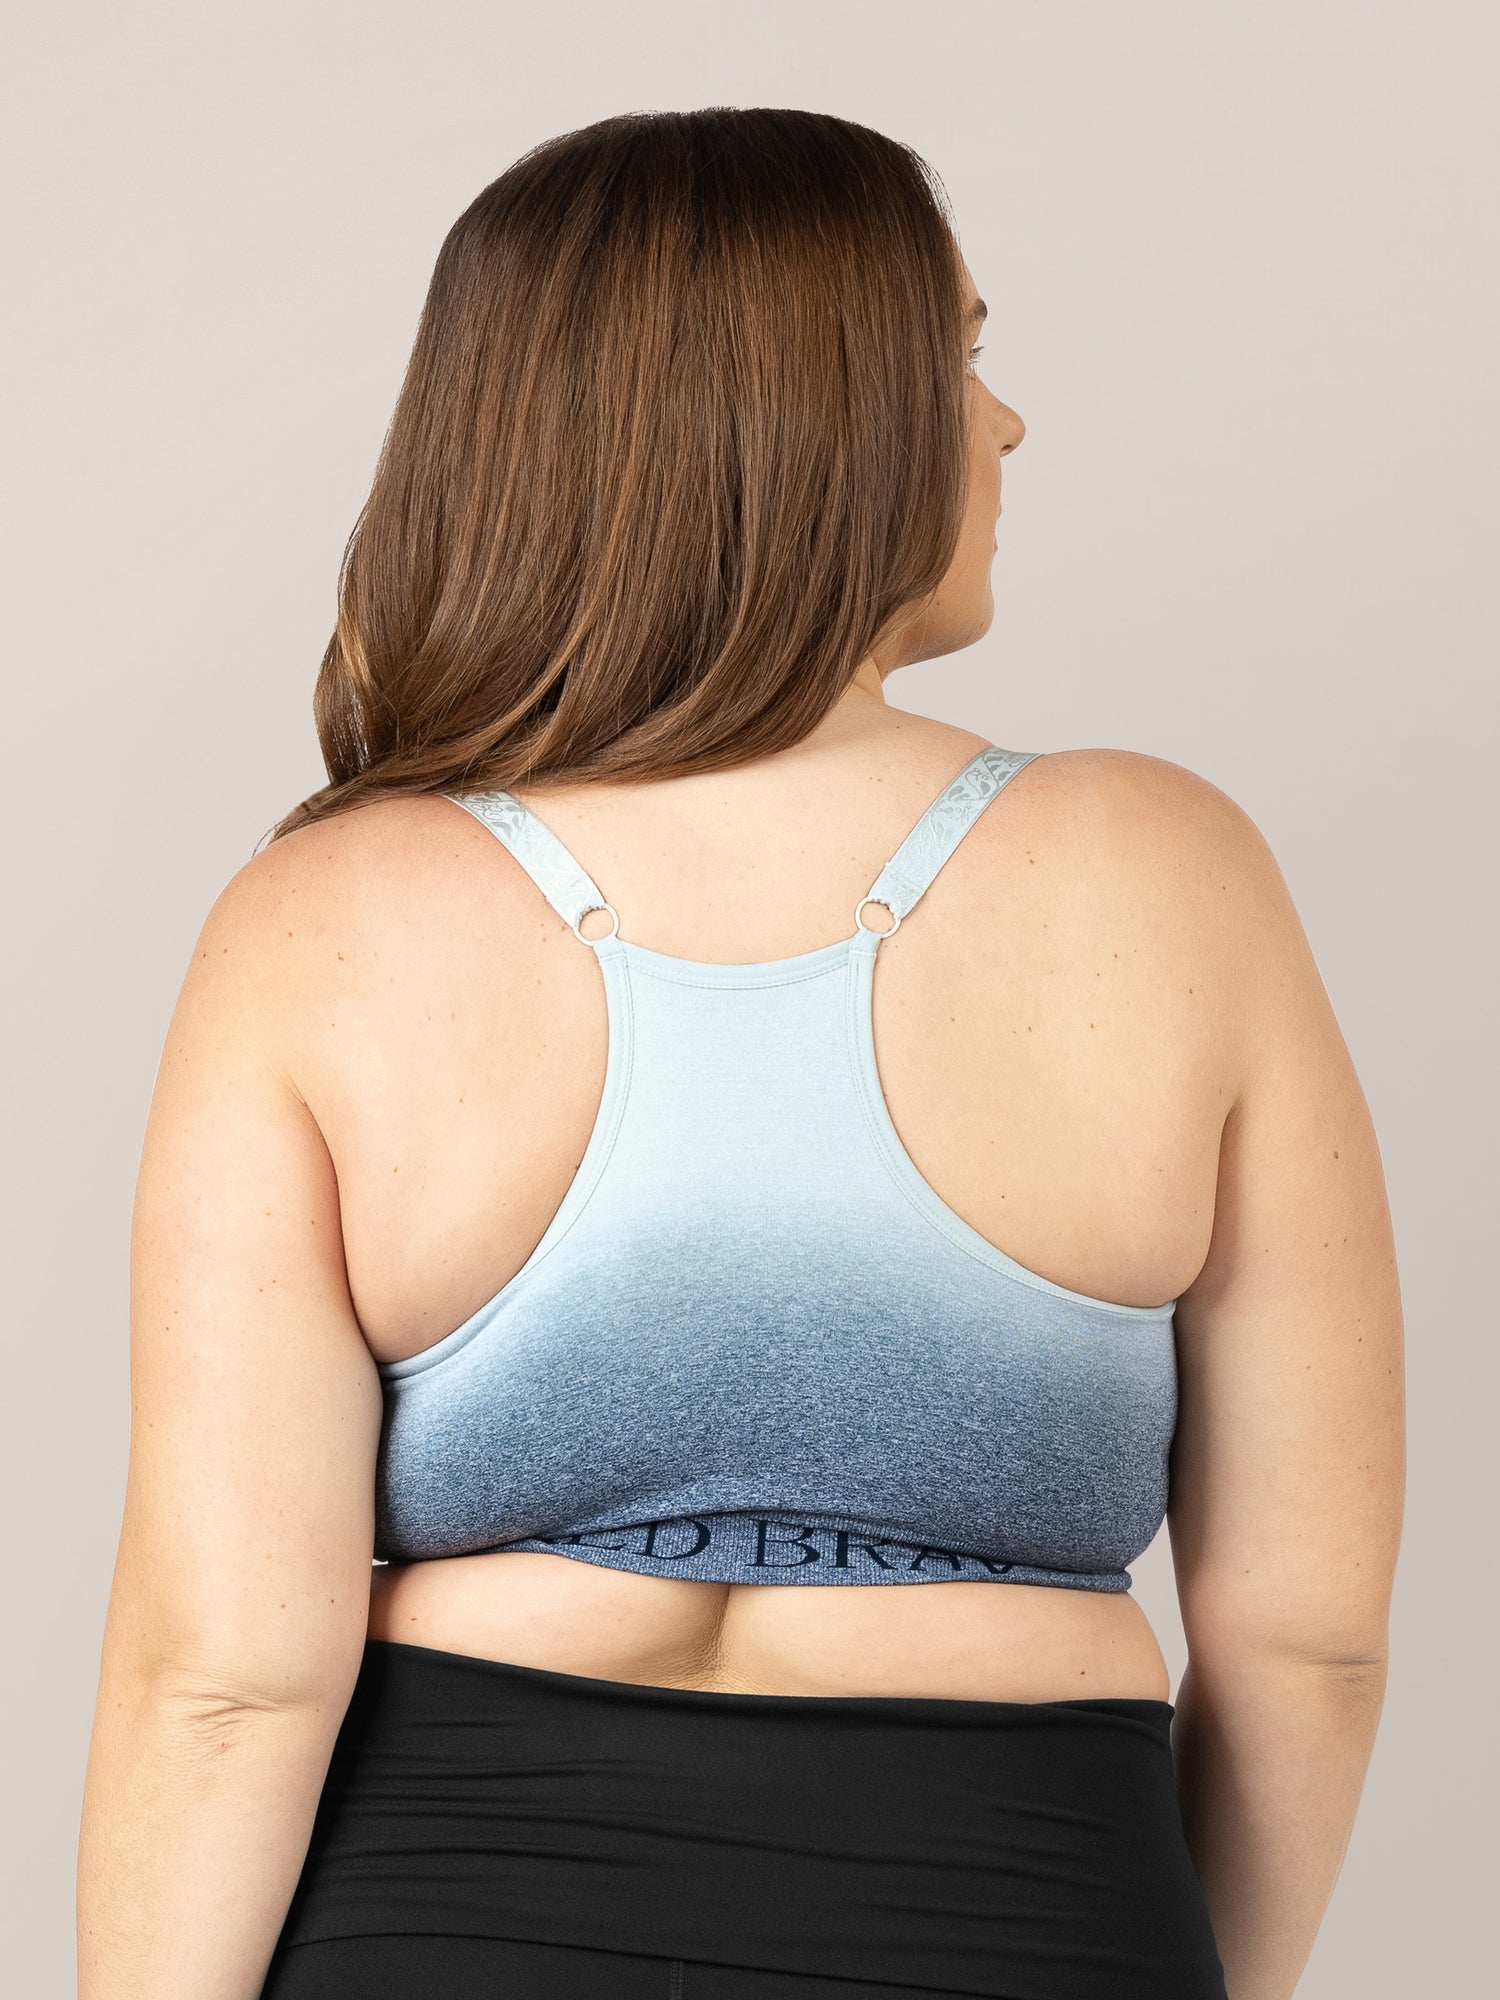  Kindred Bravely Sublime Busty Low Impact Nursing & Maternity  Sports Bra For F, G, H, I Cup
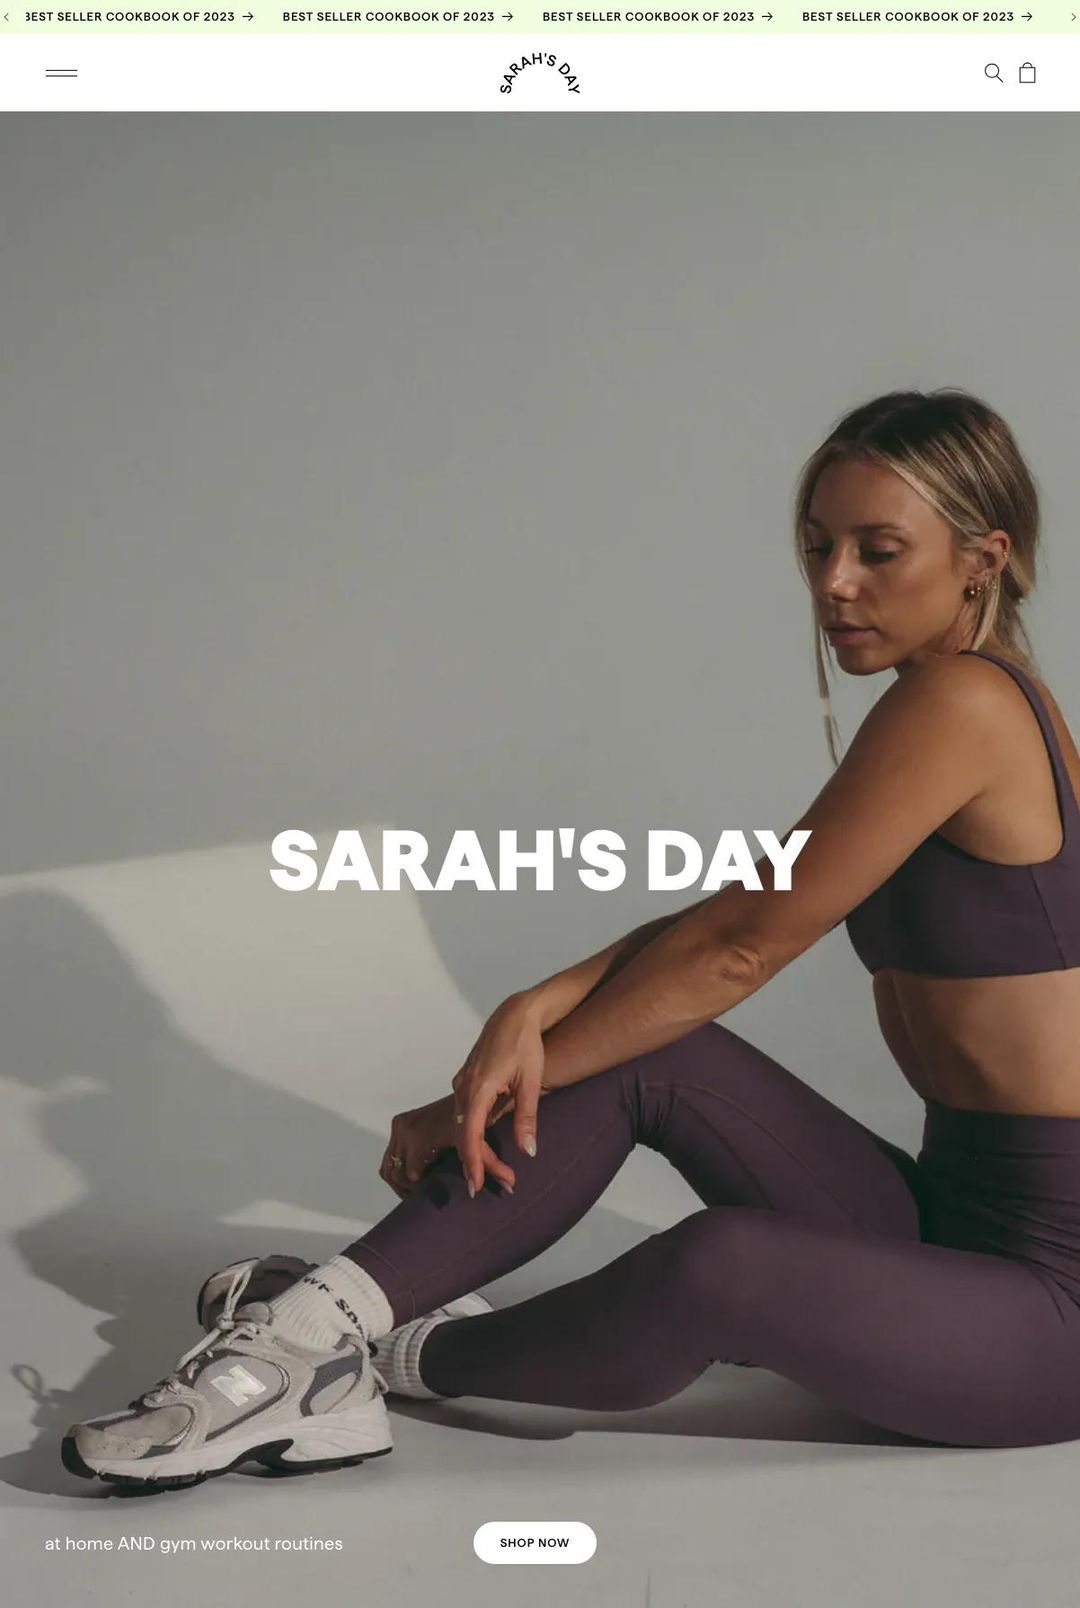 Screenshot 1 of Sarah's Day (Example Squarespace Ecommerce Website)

---

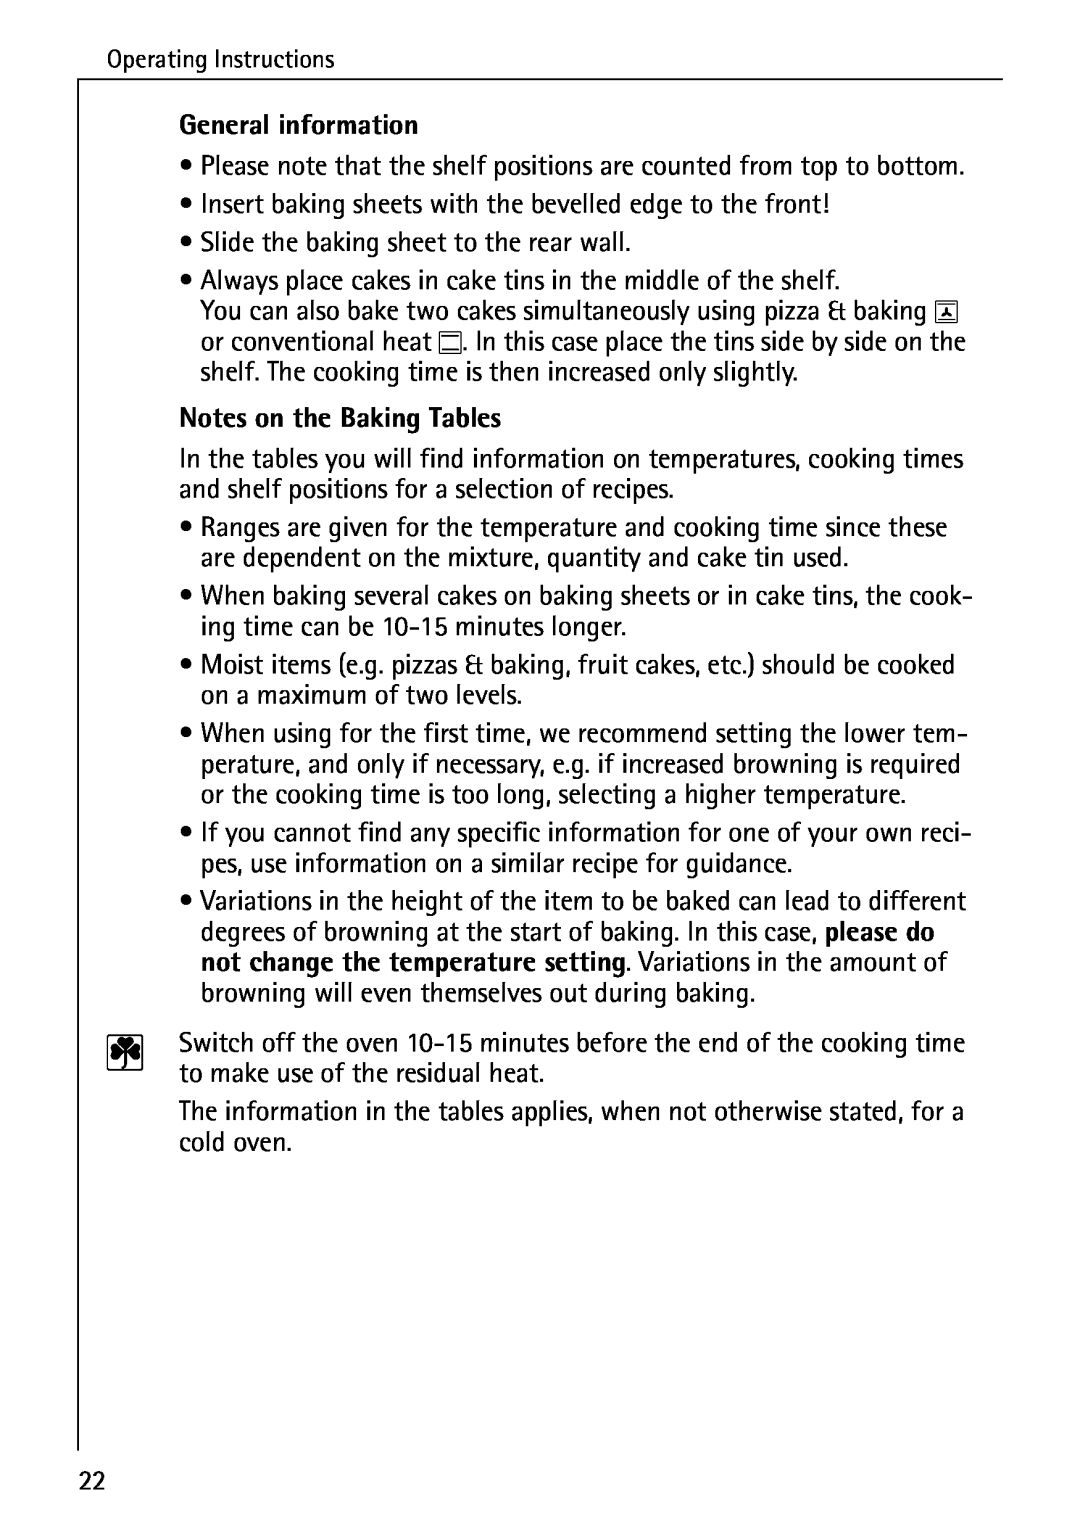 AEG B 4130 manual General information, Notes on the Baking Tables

--

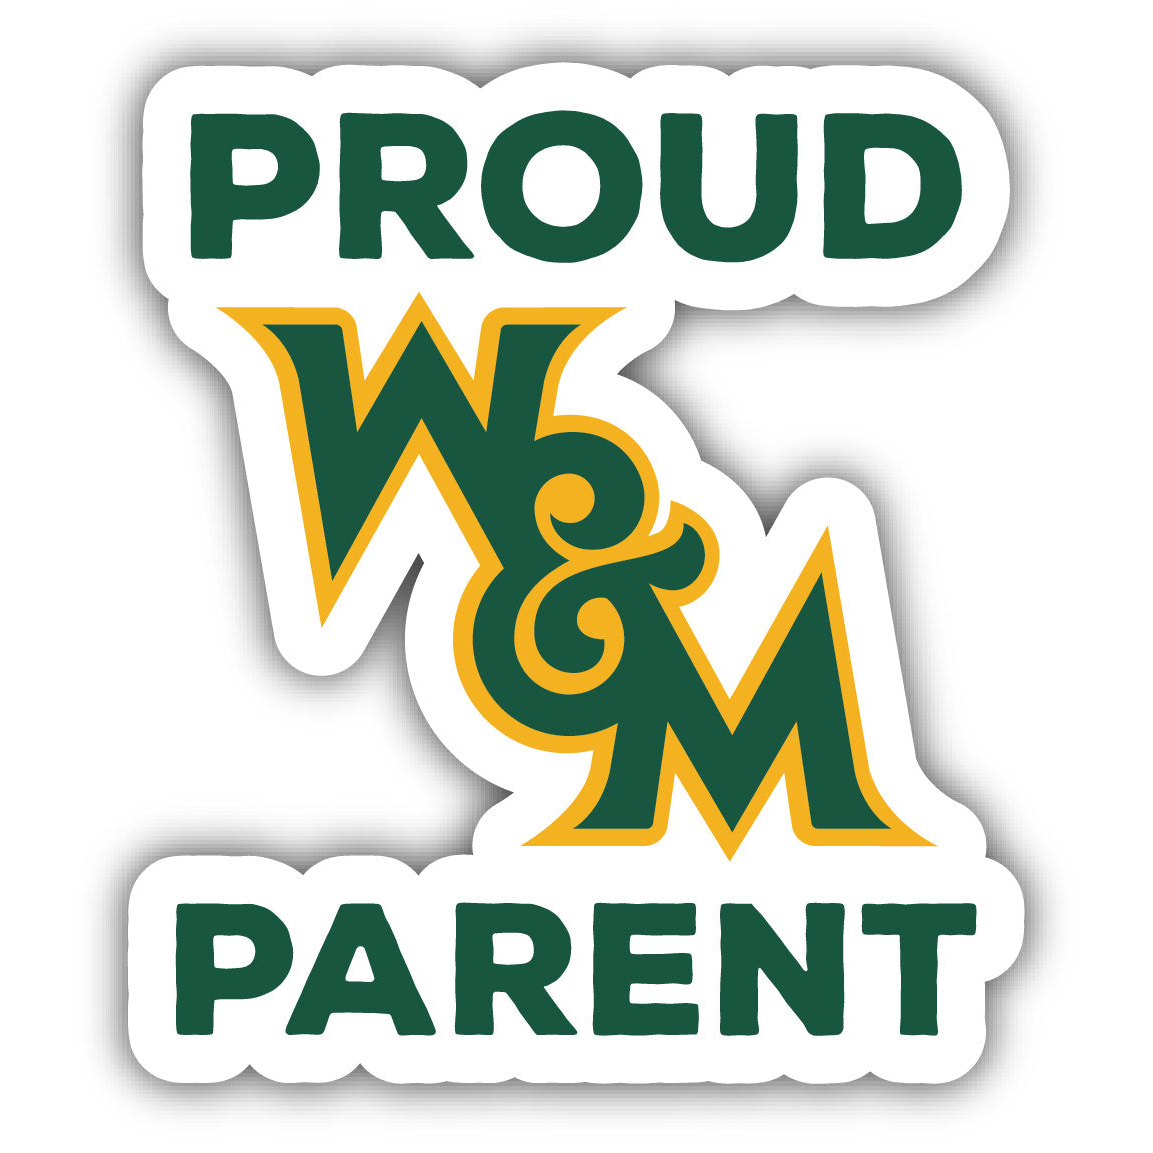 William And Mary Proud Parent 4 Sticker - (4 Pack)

Task requirements: In the records above, find the line with "Kindred Bravely Sublime" and the line with "Screenshot 1 of"; please transcribe exactly those two lines and all lines between them, omitting any picture.

Solution to this problem:
  Kindred Bravely Sublime Busty Low Impact Nursing & Maternity  Sports Bra For F, G, H, I Cup
 Screenshot 1 of Sarah's Day (Example Squarespace Ecommerce Website)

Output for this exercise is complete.